The remains of the Roman city of Ocriculum lie in a landscape along a bend of the Tiber and are crossed by the Via Flaminia. Walking routes allow access to the principal monuments of the ancient settlement, including the forum and basilica area, the structure known as the Grandi Sostruzioni, the theatre, the baths, a monumental entrance pier, a large nymphaeum, a paved stretch of the ancient Via Flaminia flanked by a circular funerary monument and a public fountain, the amphitheatre, and several funerary monuments.

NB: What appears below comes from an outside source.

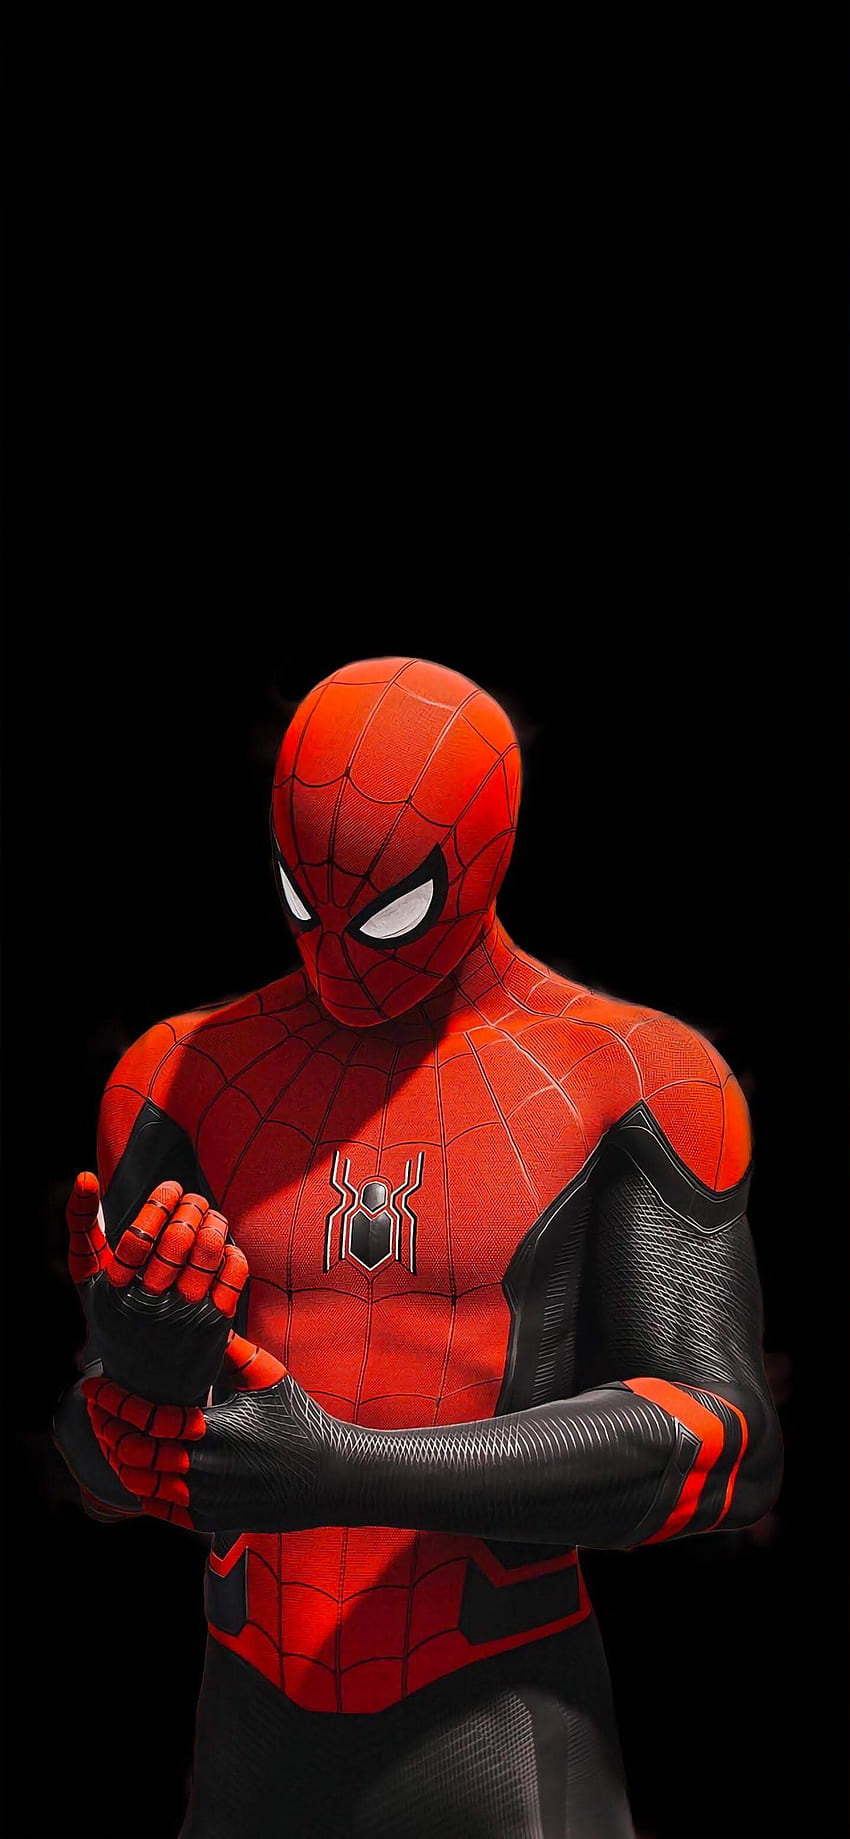 Manusia laba-laba. Komik Marvel, Avengers, seni spiderman Marvel, Spider Man For Mobile wallpaper ponsel HD
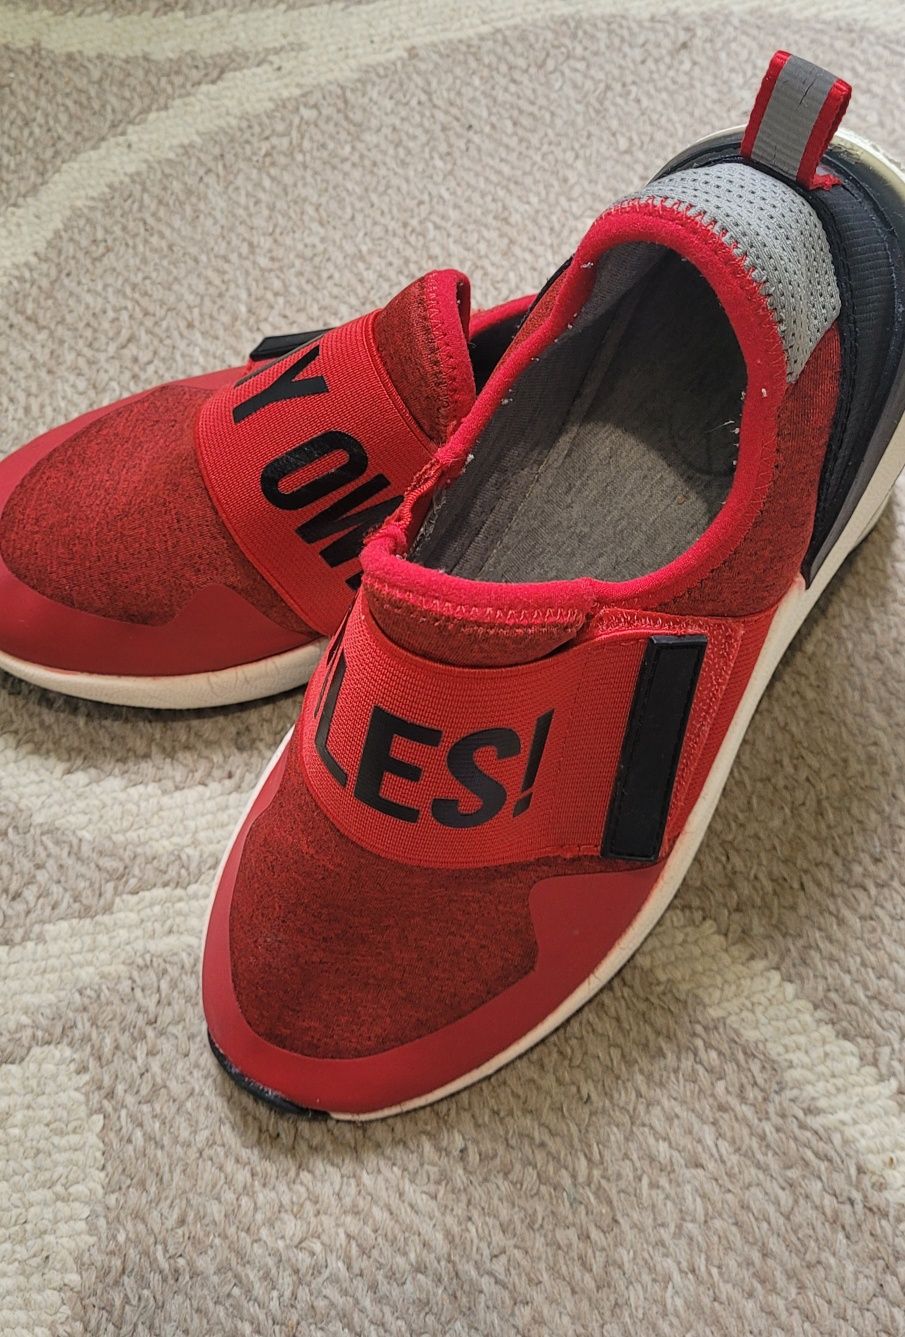 Pantofi sport Zara, roșii, marime 36

Excavations carried out in 1780 at the site of the ancient municipium revealed several public buildings, including the theatre, the basilica, the amphitheater, the baths, and several temples. These remains were then for the most part covered again.

Among the most famous objects recovered are monuments now displayed in the round hall of the Vatican Museums, including the large mosaic that decorated the floor of the principal hall of the baths, depicting Nereids, Tritons, sea monsters, and scenes of combat between Greeks and Centaurs. Also discovered were the colossal head of Zeus of Otricoli, and the colossal head of Claudius.

Approaching the city along the road leading to it, several remains of masonry appear that are believed to have been part of the enclosure used to hold wild beasts. Nearby stands the amphitheater, whose arena measures 67 meters by 45 meters along the major axes of its ellipse. An additional 17 meters were occupied by the seating tiers, the podium, and the external portico.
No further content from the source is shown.